Here is the code for the IoTHub class:

using Microsoft.AspNet.SignalR;
namespace IoTHubTempWebApp.Hubs
{
    public class IoTHub : Hub
    {
        public void IoTHubNotification(string value)
        {
            Clients.All.iotHubNotification(value);
        }
    }
}

And the code for Startup class (Startup.cs)

using Microsoft.Owin;
using Owin;
[assembly: OwinStartup(typeof(IoTHubTempWebApp.Startup))]
namespace IoTHubTempWebApp
{
    public class Startup
    {
        public void Configuration(IAppBuilder app)
        {
            app.MapSignalR();
        }
    }
}

In the Index ActionResult, I will start a task which will read the messages from the queue and then SignalR will broadcast it to the client side which in turn update the chart with the latest data or temperature/humidity readings.
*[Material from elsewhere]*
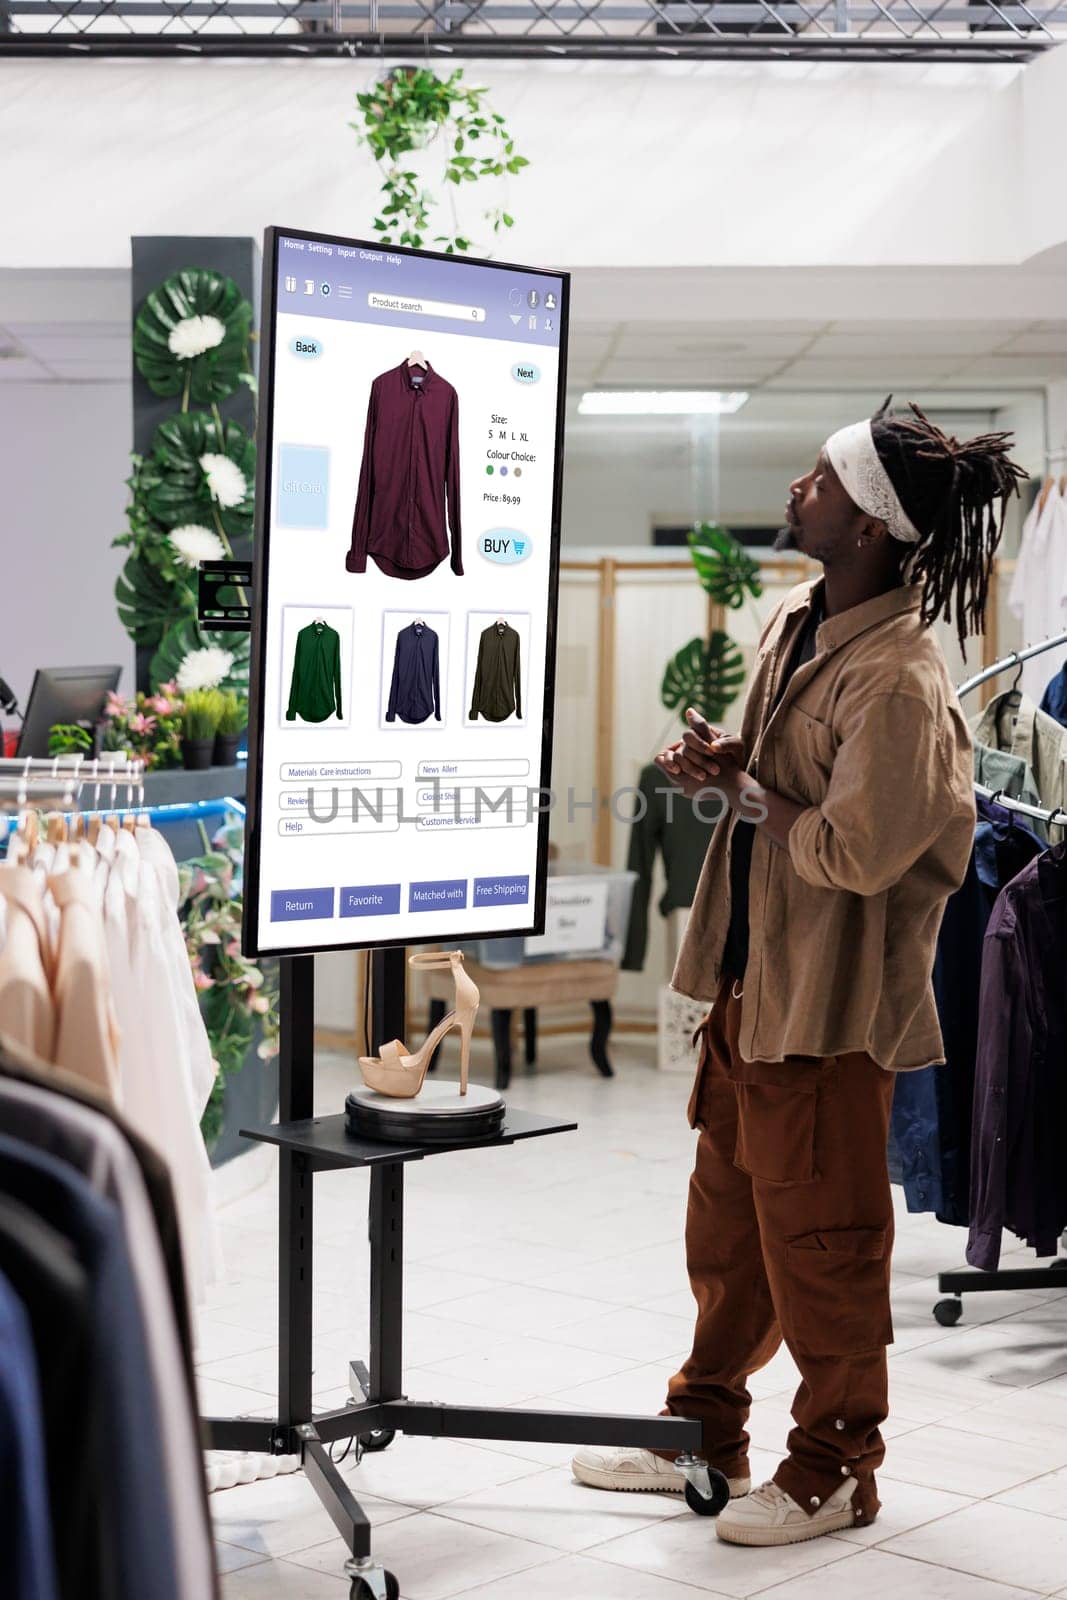 Male client choosing clothes on shopping board kiosk service, buying fashion collection items in clothing store using interactive monitor. Trendy buyer shopping for products, self ordering.
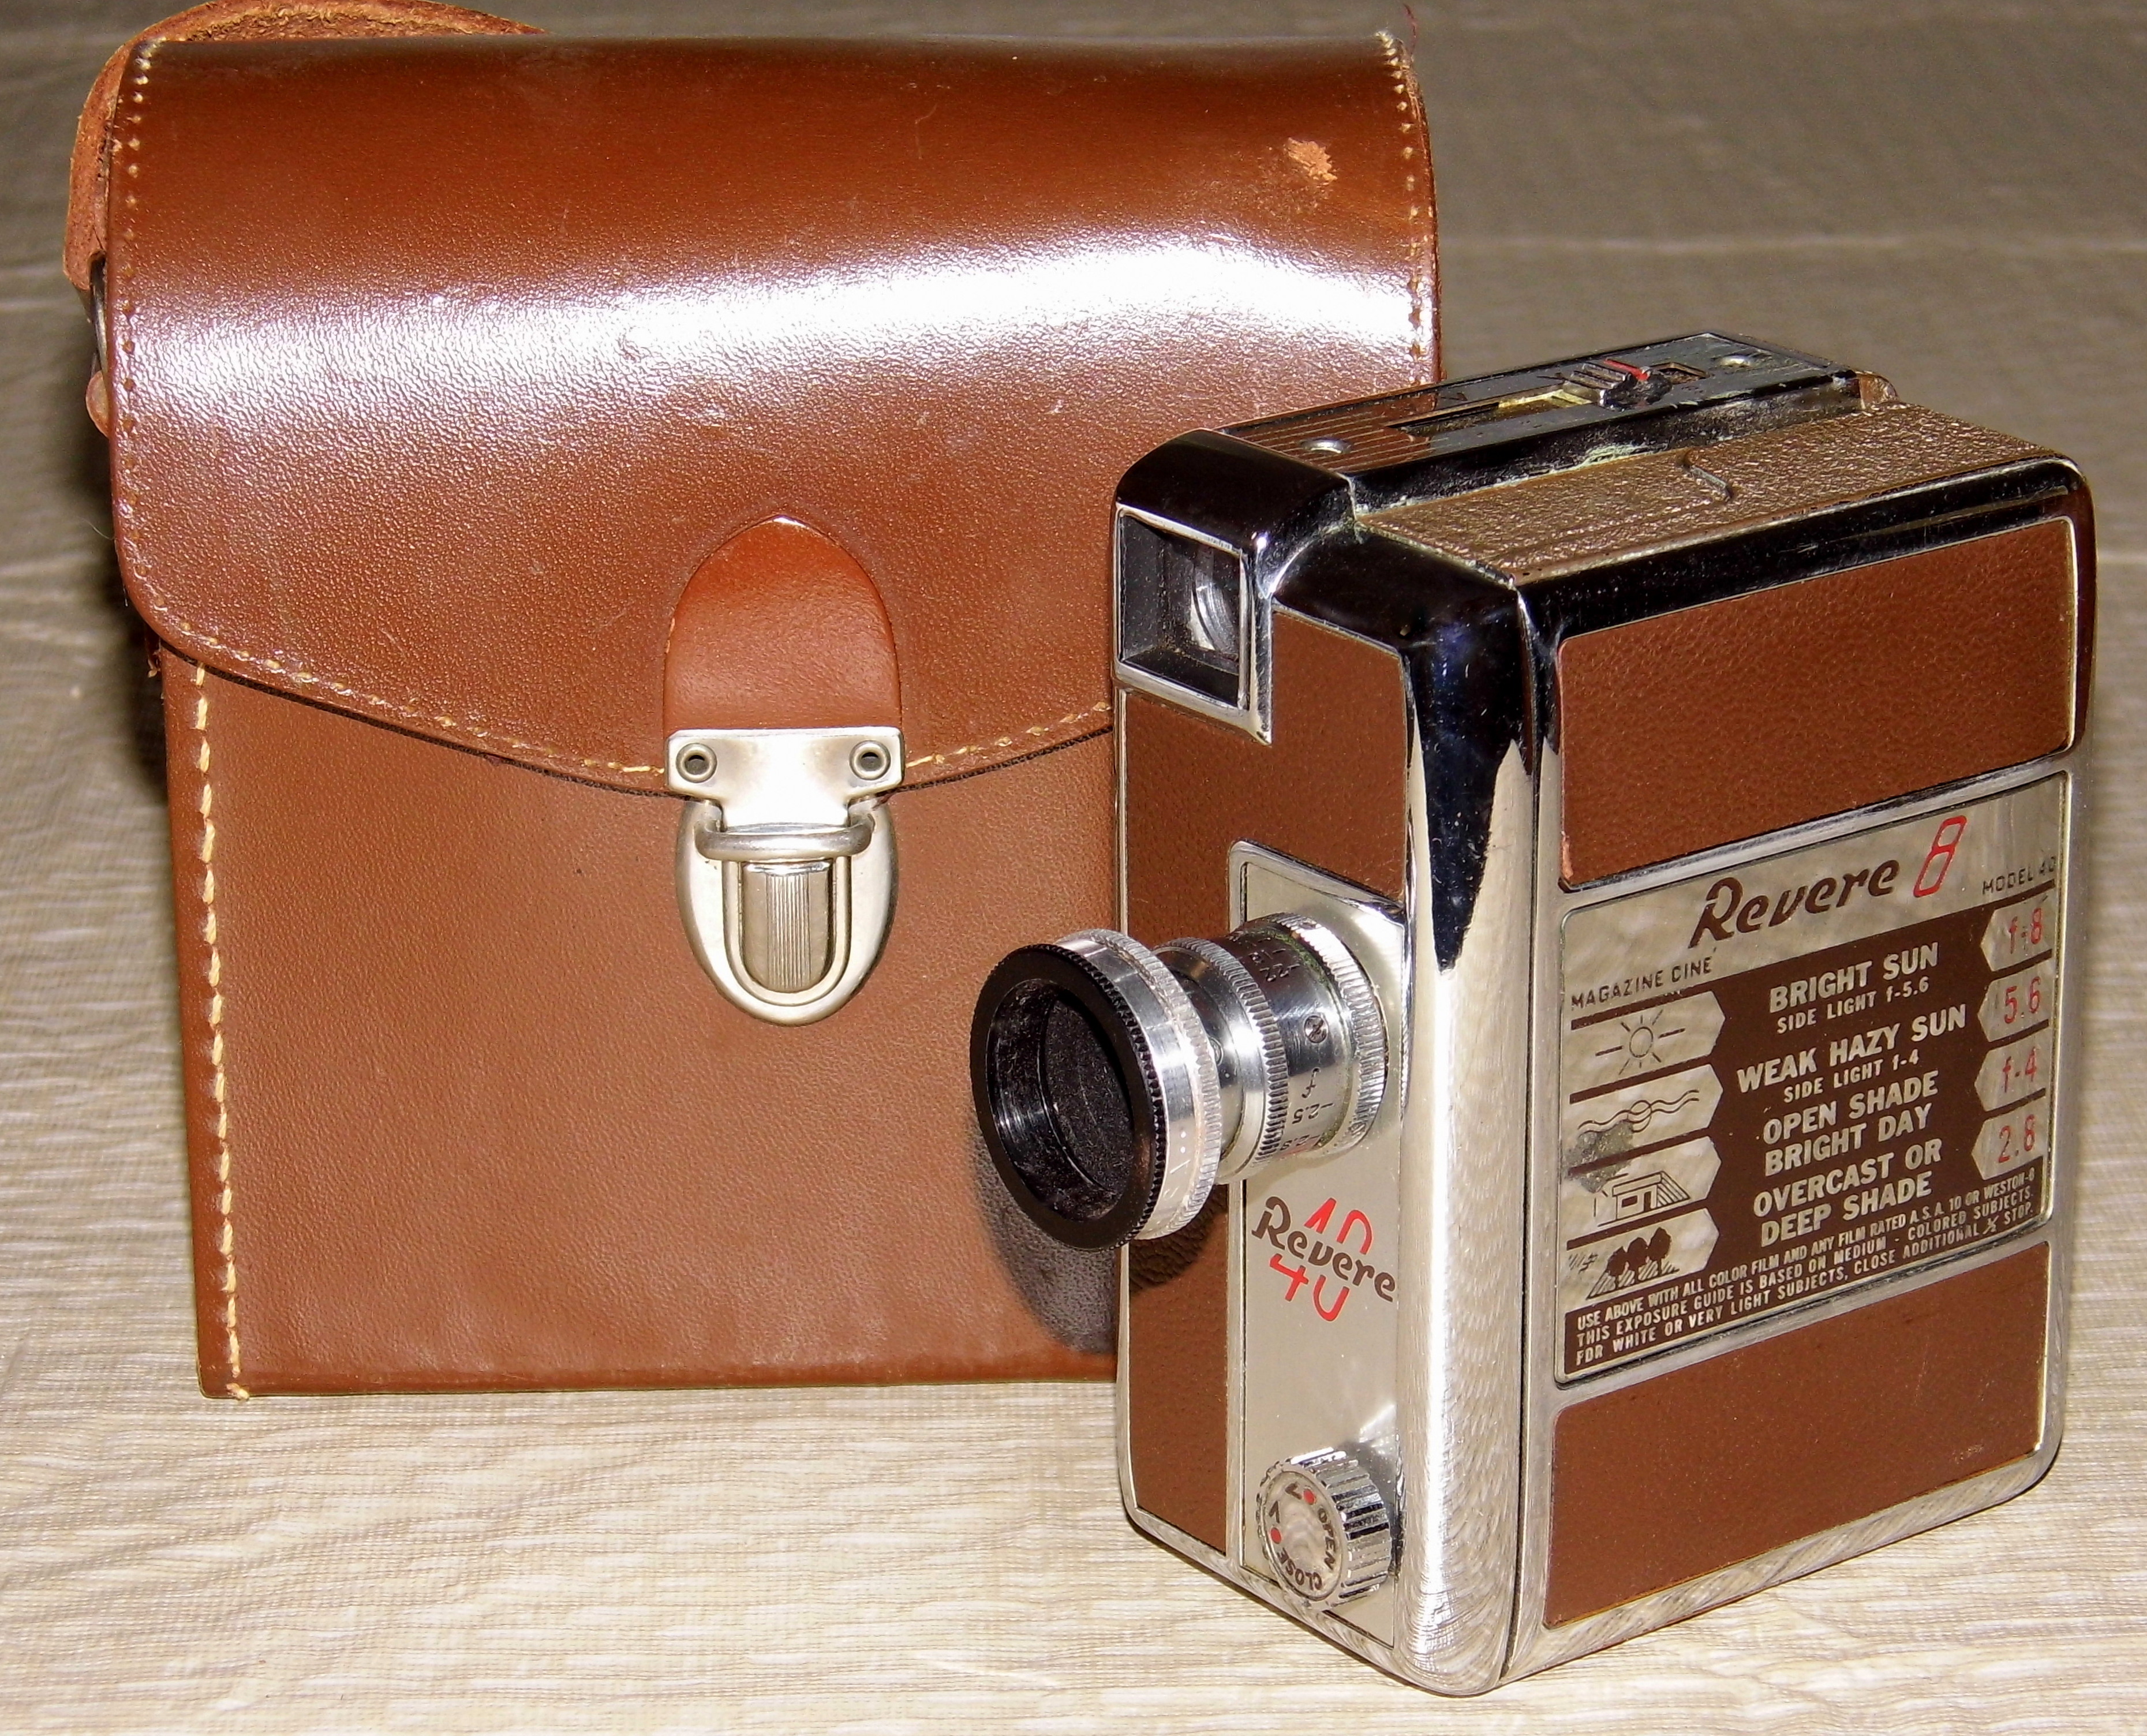 Vintage Revere 8mm Movie Camera, Model 40, Magazine Load, Made In USA, A Compact And Well-Built Camera, Circa 1951 (13292295625)

public ActionResult Index()
{
    Task task = Task.Run(() =>
    {
        QueueClient client = QueueClient.CreateFromConnectionString(connectionString, queueName, ReceiveMode.ReceiveAndDelete);
        client.OnMessage(message =>
        {
            Stream stream = message.GetBody<Stream>();
            StreamReader reader = new StreamReader(stream, Encoding.ASCII);
            string s = reader.ReadToEnd();
            _hubContext.Clients.All.ioTHubNotification(s);
        });
    });
    task.Wait();
    return View();
}

First I create a QueueClient object with the connection string and queue name along with the ReceiveMode. I have set ReceiveMode to ReceiveAndDelete as I want to delete the data from the queue once it has been read. Though you have an option to have the data in the queue for the maximum of 7 days in Azure. The QueueClient has an OnMessage event which process a message in an event-driven message pump, which means that as soon as the something is being added to the queue, this event is fired. I get the message body in the form of Stream, read the message to the end and pass the message to SignalR hub which in turn updates my chart in real-time. Here is the final output I have now.

IoT Weather App in action

If you look closely, you will notice that the temperature line is not as smooth as you thought it would be. This is because every time when Raspberry PI read the data from the sensor there is a slight change in the temperature only with a few decimal places. If you don’t like this then you can change the gridlines property of the vAxis in the chart. Also you can try changing the time delay on the device to see if that impacts the lines on the chart. try changing both time delay in the device application and the gridlines in the web application to see how the chart renders.

The complete source code is available on Github.